Chi aspira a migliori condizioni di vita in est e ovest Europa se ne va, lasciando il proprio paese a chi non ha la possibilità di accedere ad un mercato del lavoro migliore rispetto al proprio settore. In altre parole, la migrazione non avviene solamente dalle aree più esposte alla povertà e al degrado della miseria, ma anche all’interno dei paesi sviluppati nei quali le giovani generazioni si postano in massa per entrare in mercati del lavoro in cui le loro competenze sono più valorizzate. Chi rimane nel paese di origine deve affrontare sia il fatto che ha meno risorse umane, sia meno capacità adattiva rispetto alla sfida culturale. Questo problema è particolarmente sentito nei paesi dell’Est Europa che sono meno popolati, più esposti quindi al problema dell’emigrazione dell’élite istruita, ma simili tratti comuni possono essere trovati anche nei paesi dell’ovest Europa.
Questo libro non è probabilmente all’altezza delle conferenze e dell’ingegno di Krastev, il quale ha abituato i suoi follower a ben altri livelli di profondità, così capaci di costituire un esempio e un continuo oggetto di stimolazione intellettuale. Ma esso risulta estremamente prezioso per il lettore italiano per diversi motivi. Prima di tutto, esso costituisce una prospettiva di analisi dall’est Europa. Gli italiani sono stati interessati all’altra parte dell’Adriatico solo sin tanto che i paesi dall’altra parte dello stagno erano potenziali clienti di un nascente interesse nazionale, naturalmente sparito sia dalla storia sia dai media nel post-45. Uscendo da una logica di interesse politico e lasciando una residua logica di potenza all’iniziativa privata, l’Italia ha stabilito che l’Est Europa non è sostanzialmente di alcun interesse, ancorandosi fiduciosamente all’alleanza occidentale anche in casi di clamoroso fiasco (e questo può anche avere un senso). Sta di fatto che se si facesse un sondaggio, credo che ben pochi italiani sappiano chi sono i primi ministri dei principali paesi dell’Est Europa, ammesso e non concesso che sappia quali politiche attuino e perché. Un paese come la Polonia, così importante per gli USA, è percepito più lontano del sud Sahara che, almeno in termini geografici, rimane pur sempre distante dall’Italia rispetto alla Polonia.
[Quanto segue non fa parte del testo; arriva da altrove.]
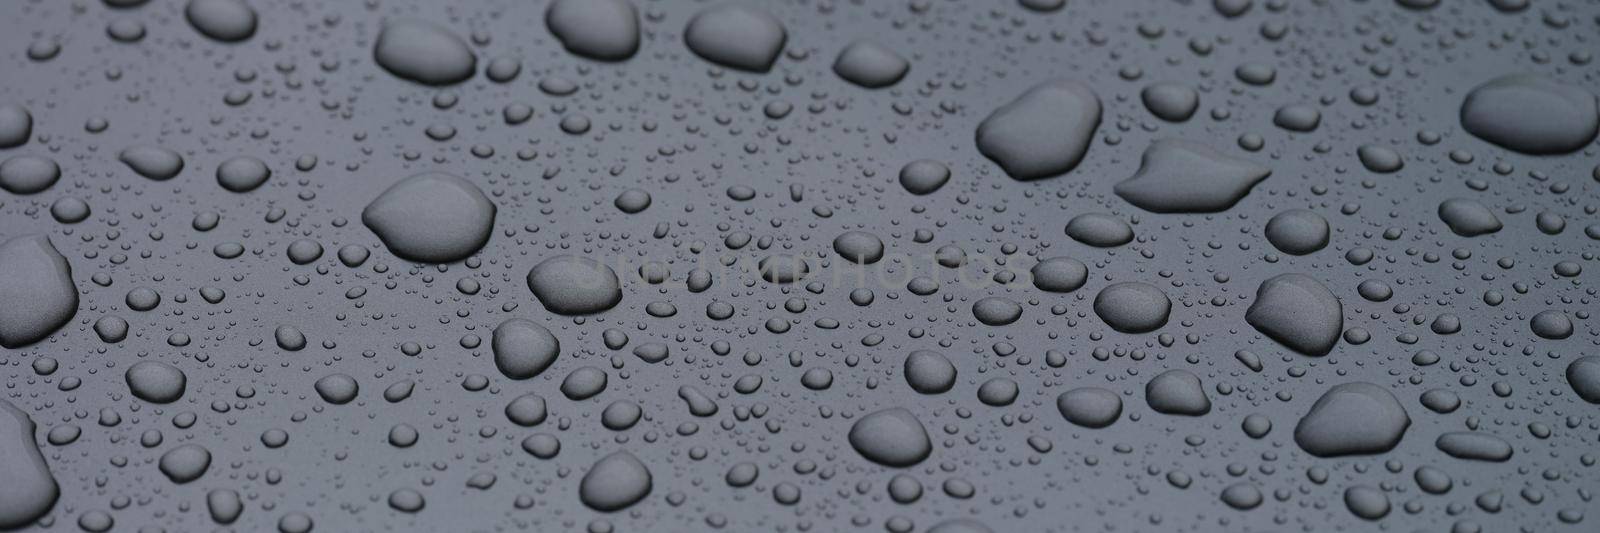 Closeup of raindrops on dark glass background by kuprevich

Da bulgaro, Krastev aiuta un lettore dell’ovest Europa a farsi un’idea della percezione degli stessi problemi in modo diverso e attraverso uno stile argomentativo estremamente penetrante e originale. Egli affronta le principali sfide all’Unione Europea in modo sufficiente, anche se sarebbe stato interessante avere analisi di maggiore dettaglio e profondità. Si tratta obiettivamente di un libro non pensato per portare tesi definitive sull’argomento ma solo delle intuizioni e spunti di riflessione che, comunque, risultano sempre stimolanti. Il libro non è tradotto in italiano (ancora?): After Europe è scritto in un inglese molto scorrevole, chiaro e abbordabile anche a chi ha una competenza linguistica non particolarmente elevata ma sufficiente. Una lettura intelligente, che si esaurisce in poche ore, in un mondo come il nostro, un fatto che non può che essere apprezzabile data la natura di questo saggio-pamphlet.
Ivan Krastev
After Europe
University of Pennsylvania Press
Pagine: 120.
[1] Krastev lo dice in varie conferenze non senza una certa ironia.